■ **Dataset content**
------------------------------
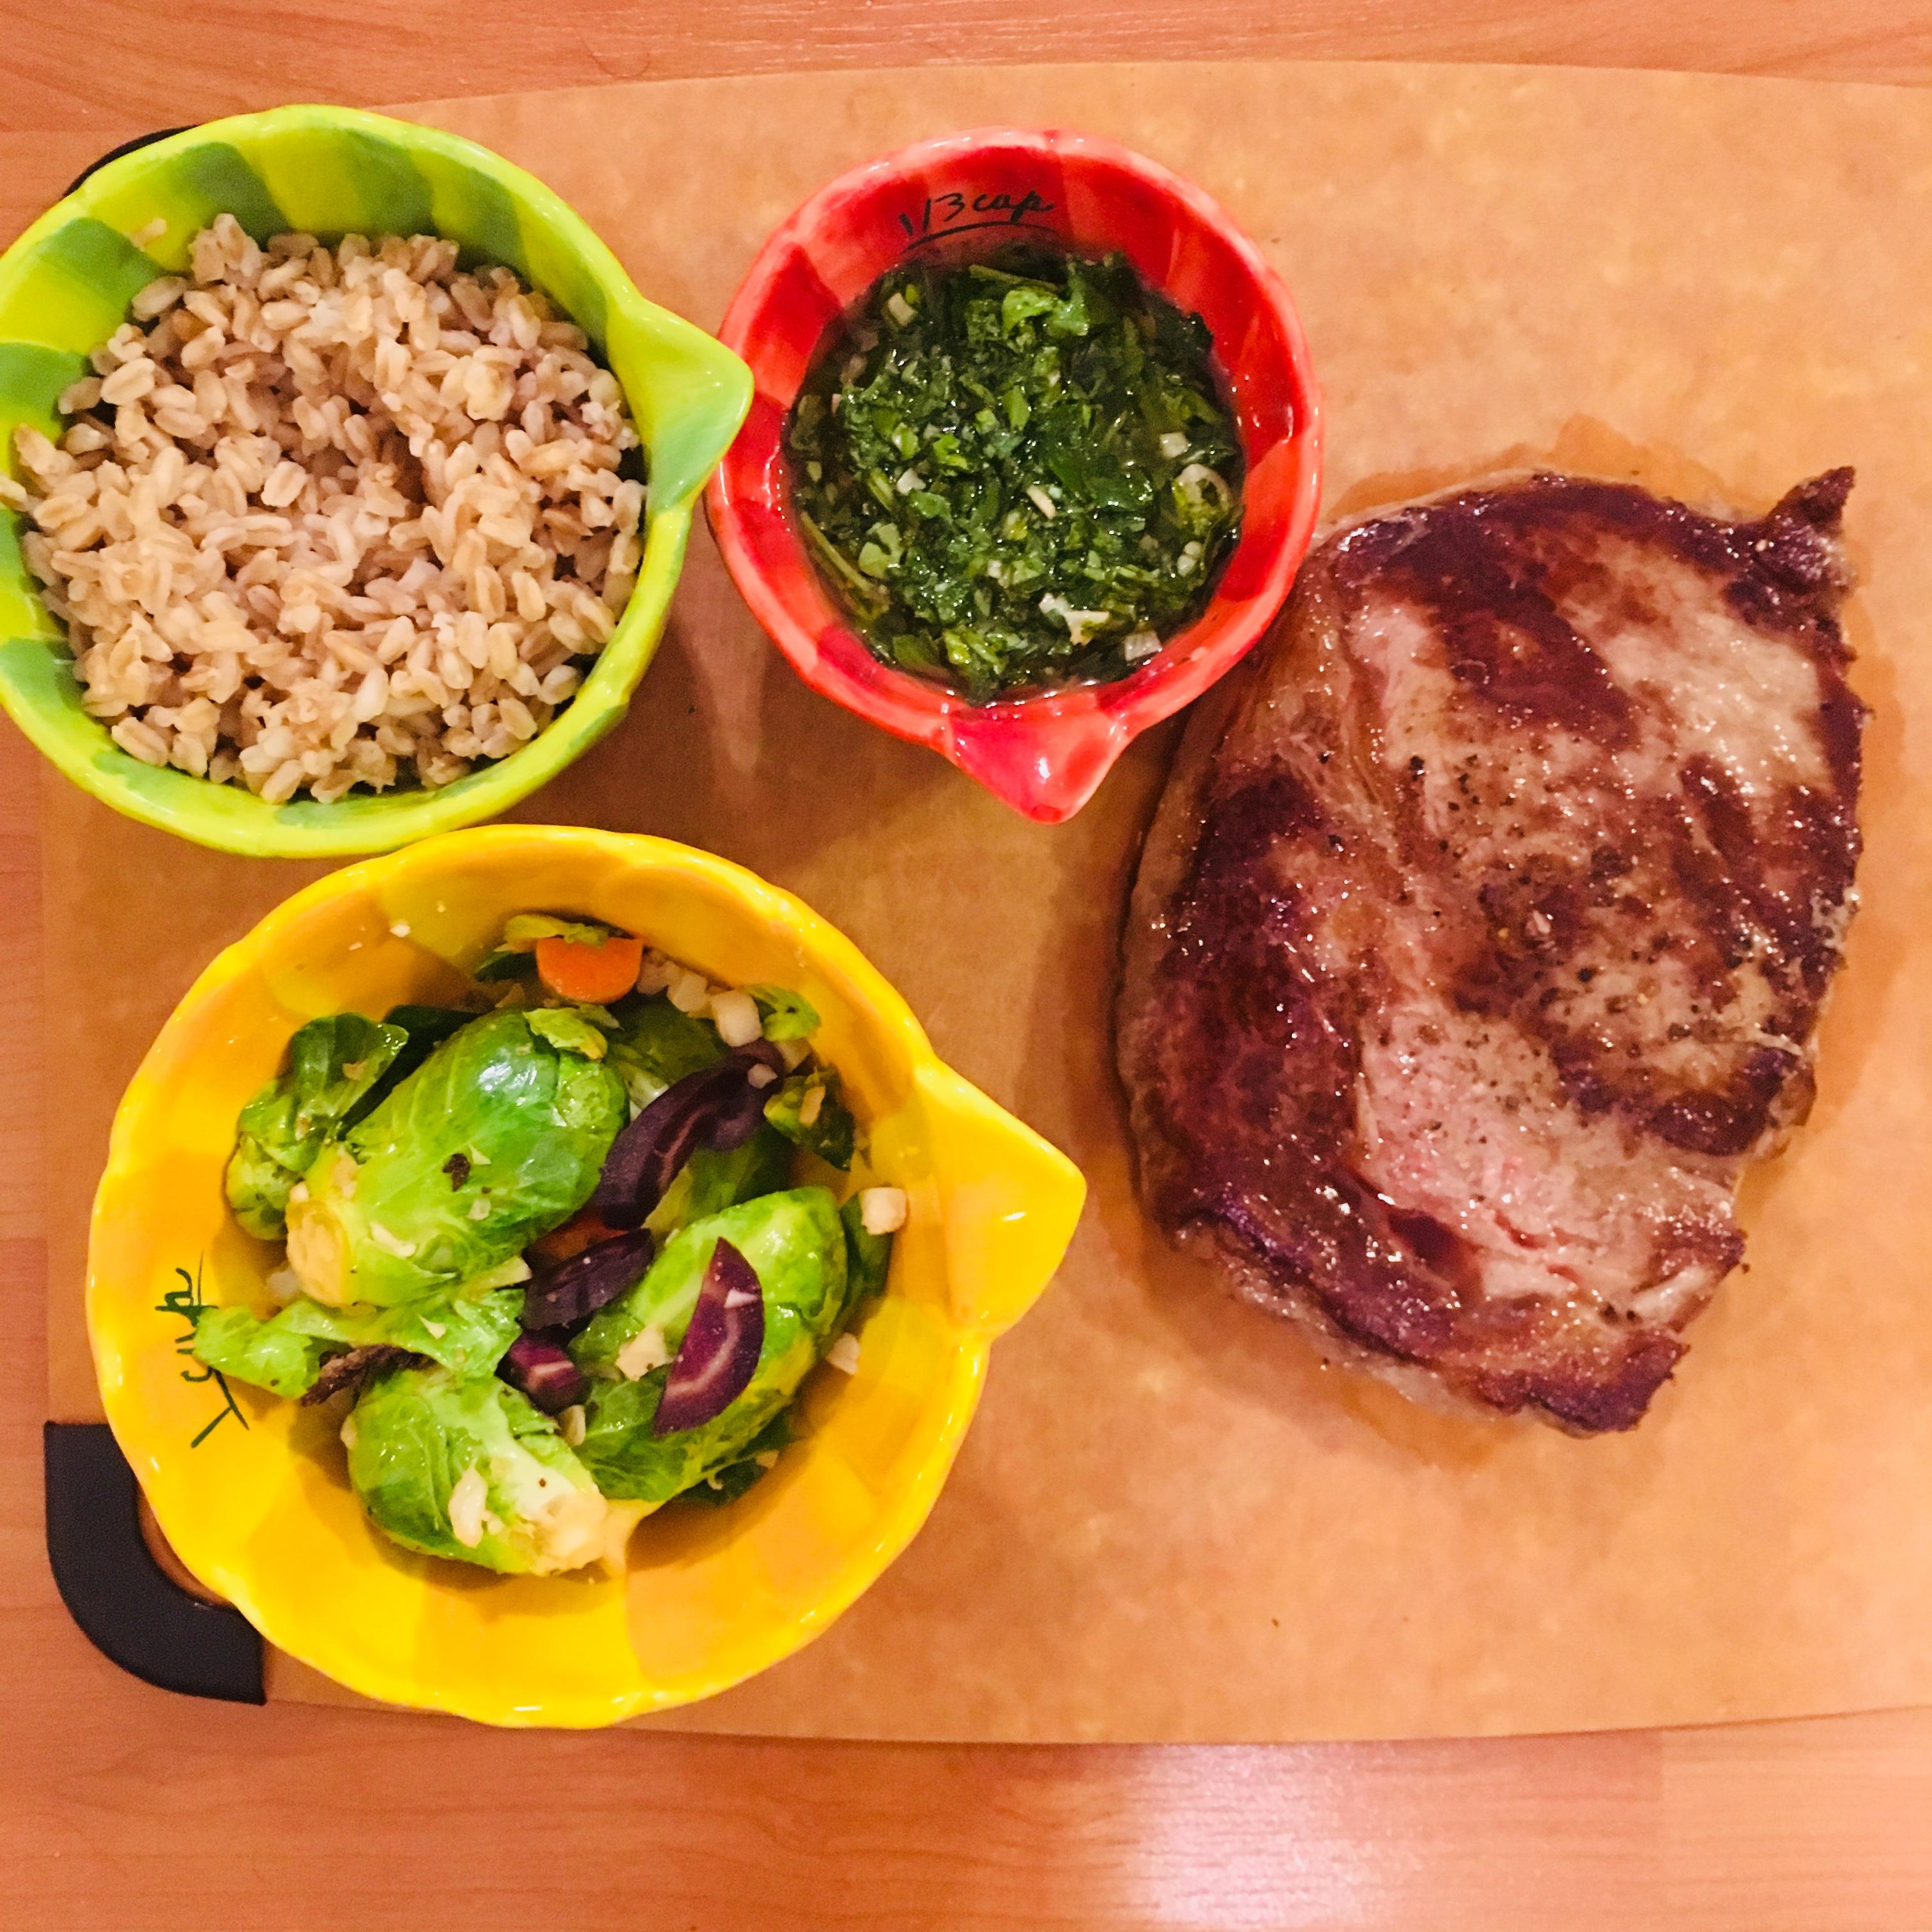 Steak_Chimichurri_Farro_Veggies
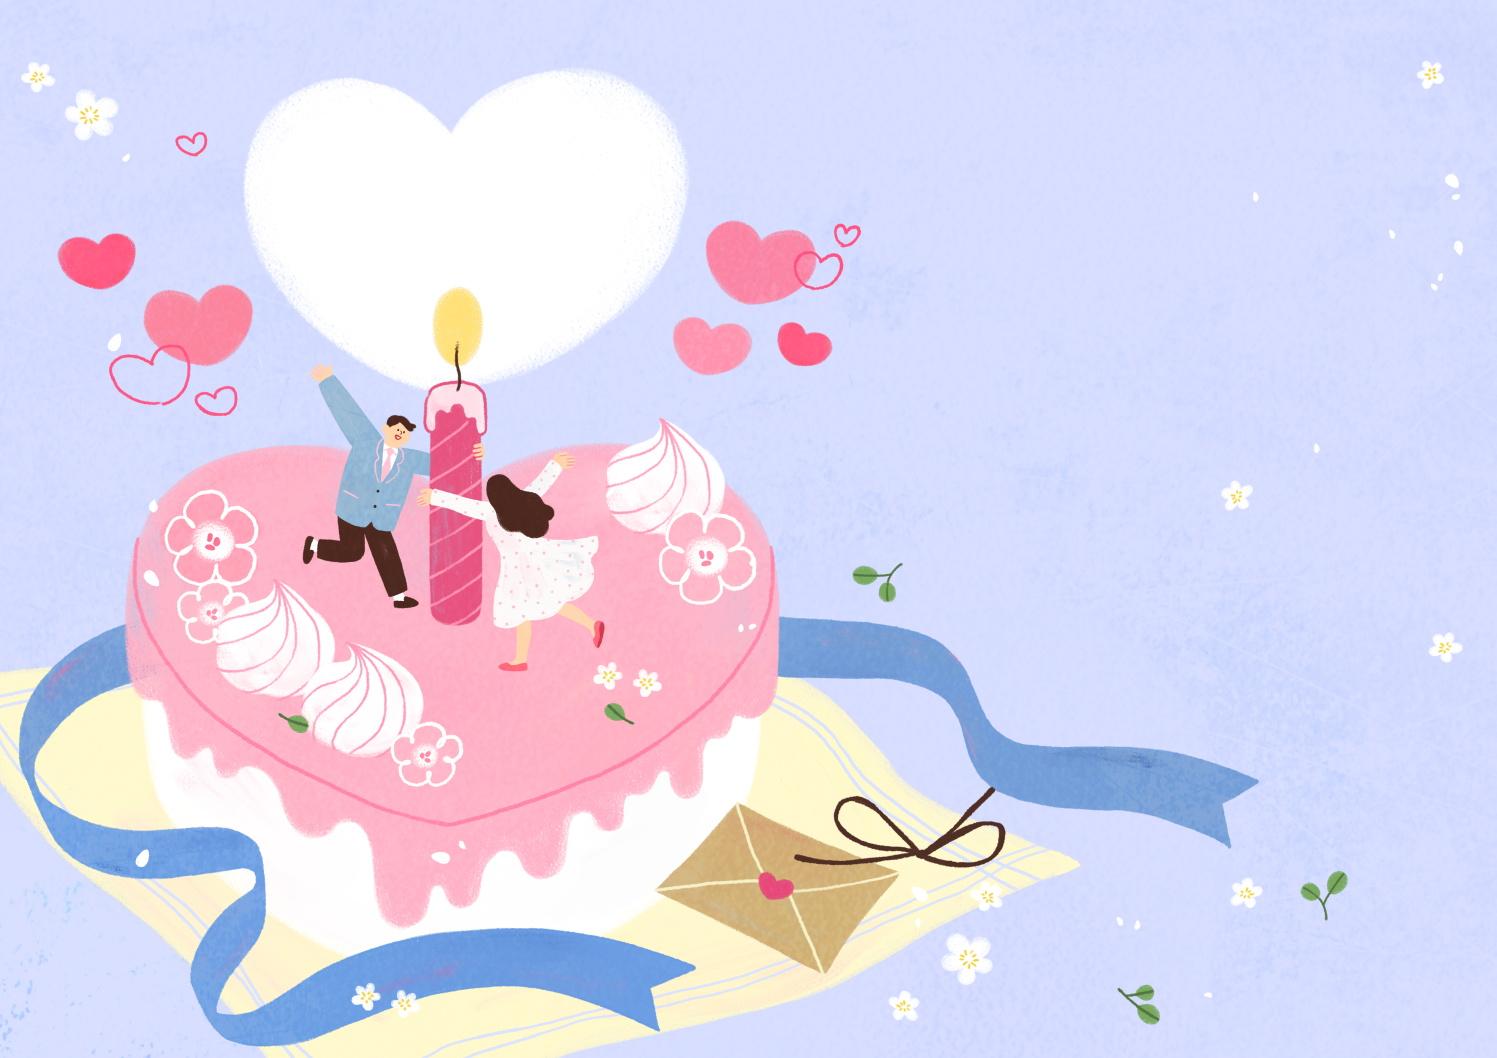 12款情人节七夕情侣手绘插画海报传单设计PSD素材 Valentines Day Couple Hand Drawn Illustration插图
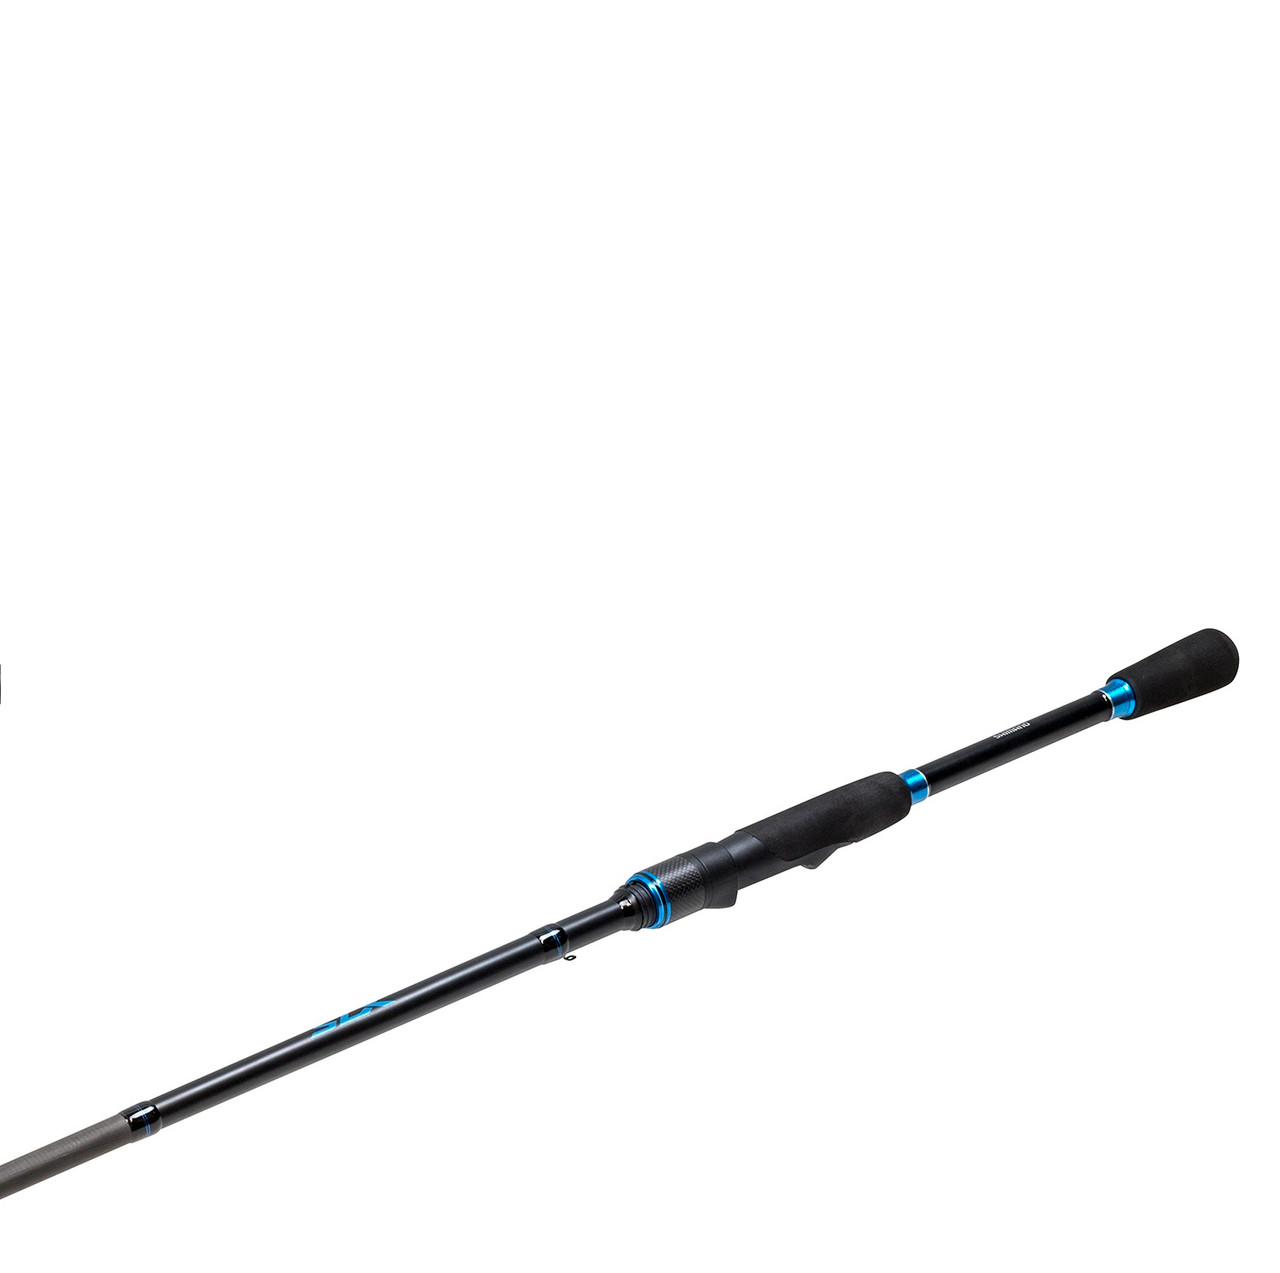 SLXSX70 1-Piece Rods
------------------------------
■ **Task to carry out**
Each line of the data above must be reproduced as written. Skip the pictures.

■ **Response box**
 Steak_Chimichurri_Farro_Veggies
 12款情人节七夕情侣手绘插画海报传单设计PSD素材 Valentines Day Couple Hand Drawn Illustration插图
 SLXSX70 1-Piece Rods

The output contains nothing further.